_Instructions to follow_
With the pictures left out, restate exactly the part below that opens with the line containing "Just married in Aspen Colorado" and closes with the line containing "蓝色清新风格2023世界环境日宣传栏".

_Task data_
****

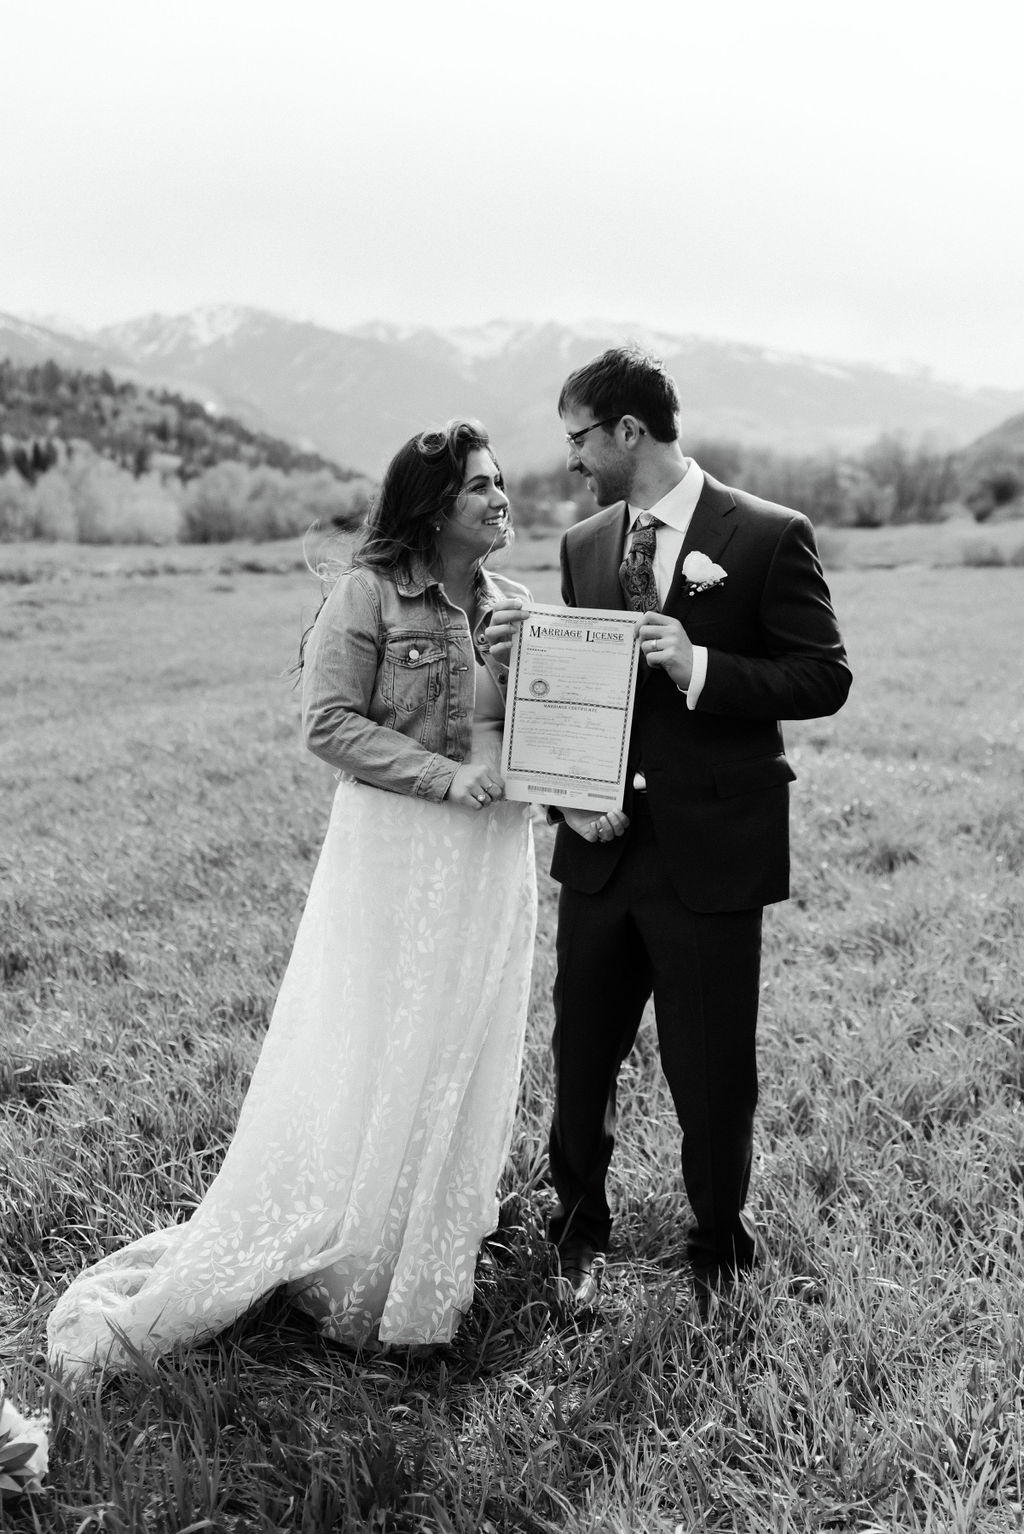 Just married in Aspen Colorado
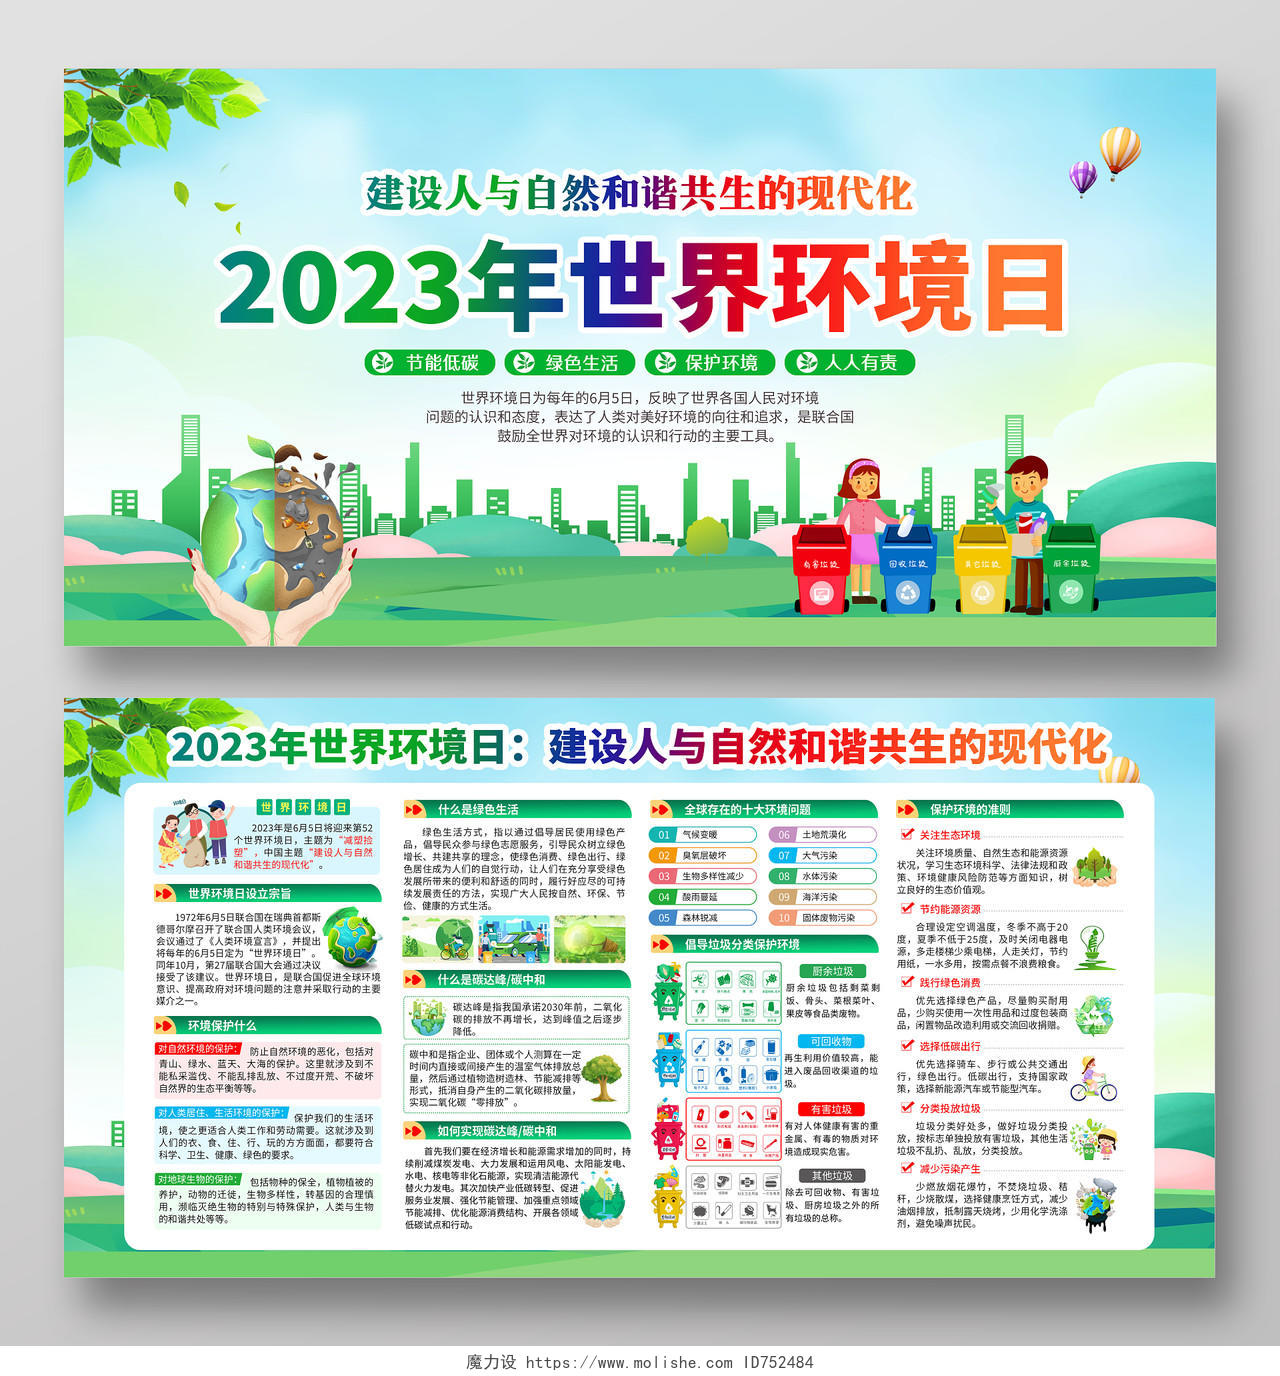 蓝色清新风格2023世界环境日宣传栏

****

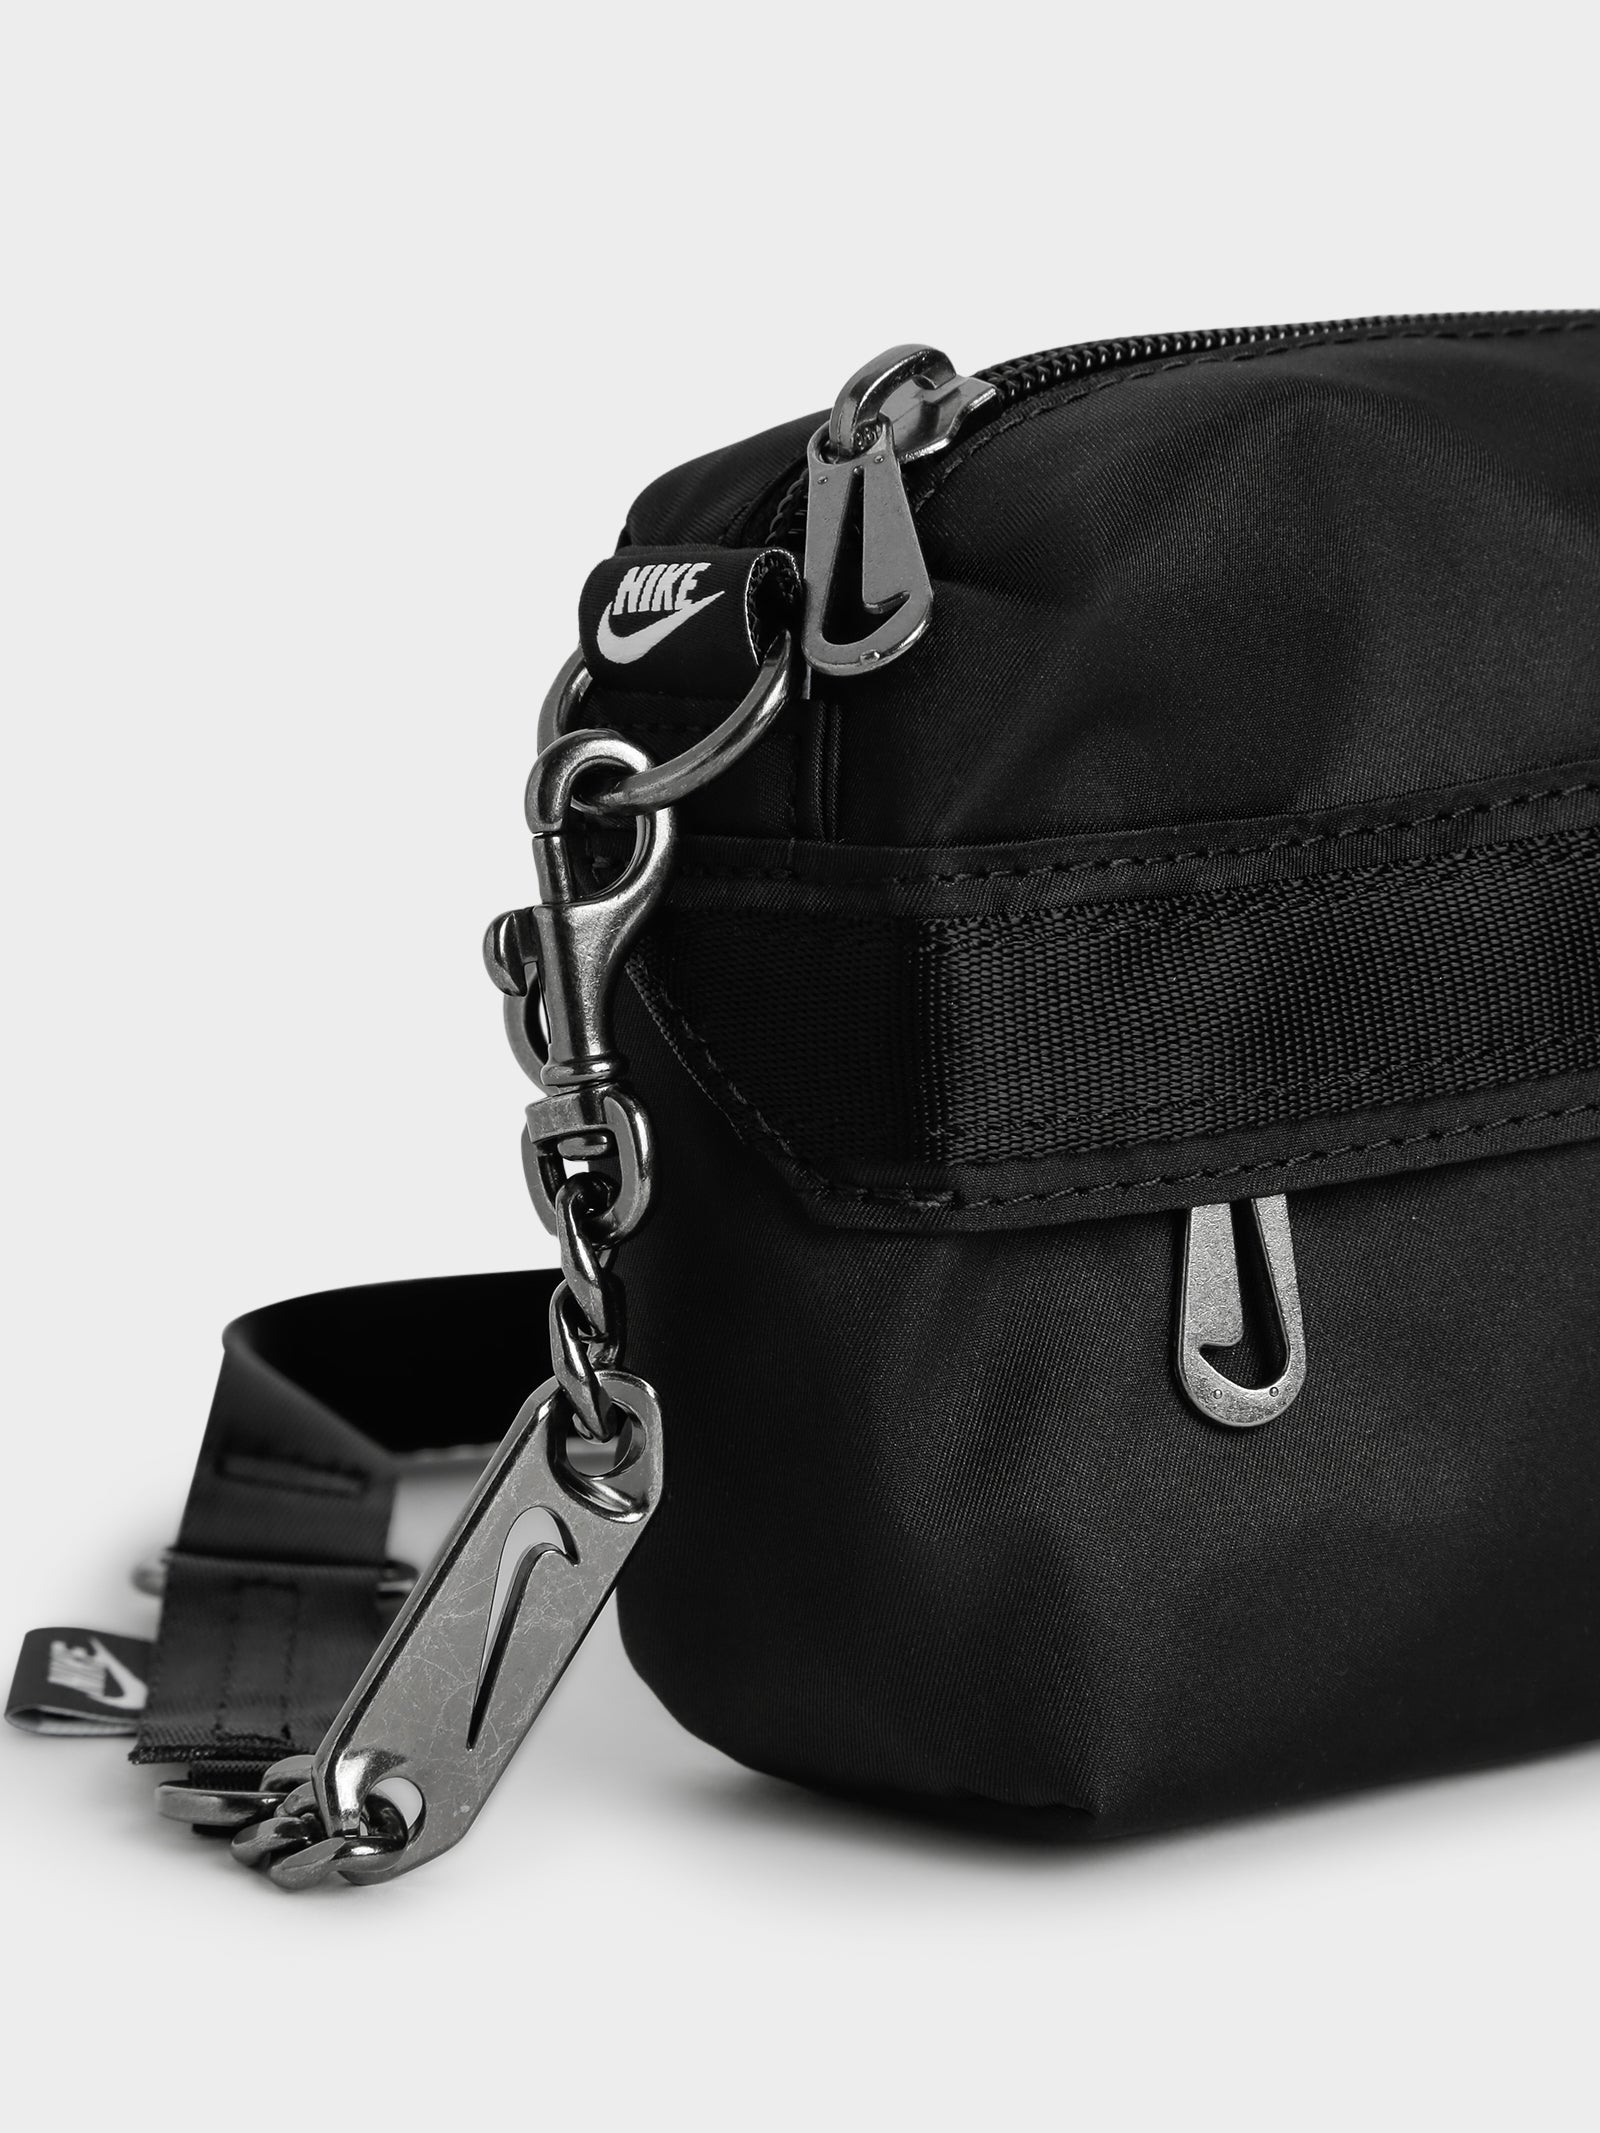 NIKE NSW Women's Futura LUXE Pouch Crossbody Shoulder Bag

****

_Task answer_
 Just married in Aspen Colorado
 蓝色清新风格2023世界环境日宣传栏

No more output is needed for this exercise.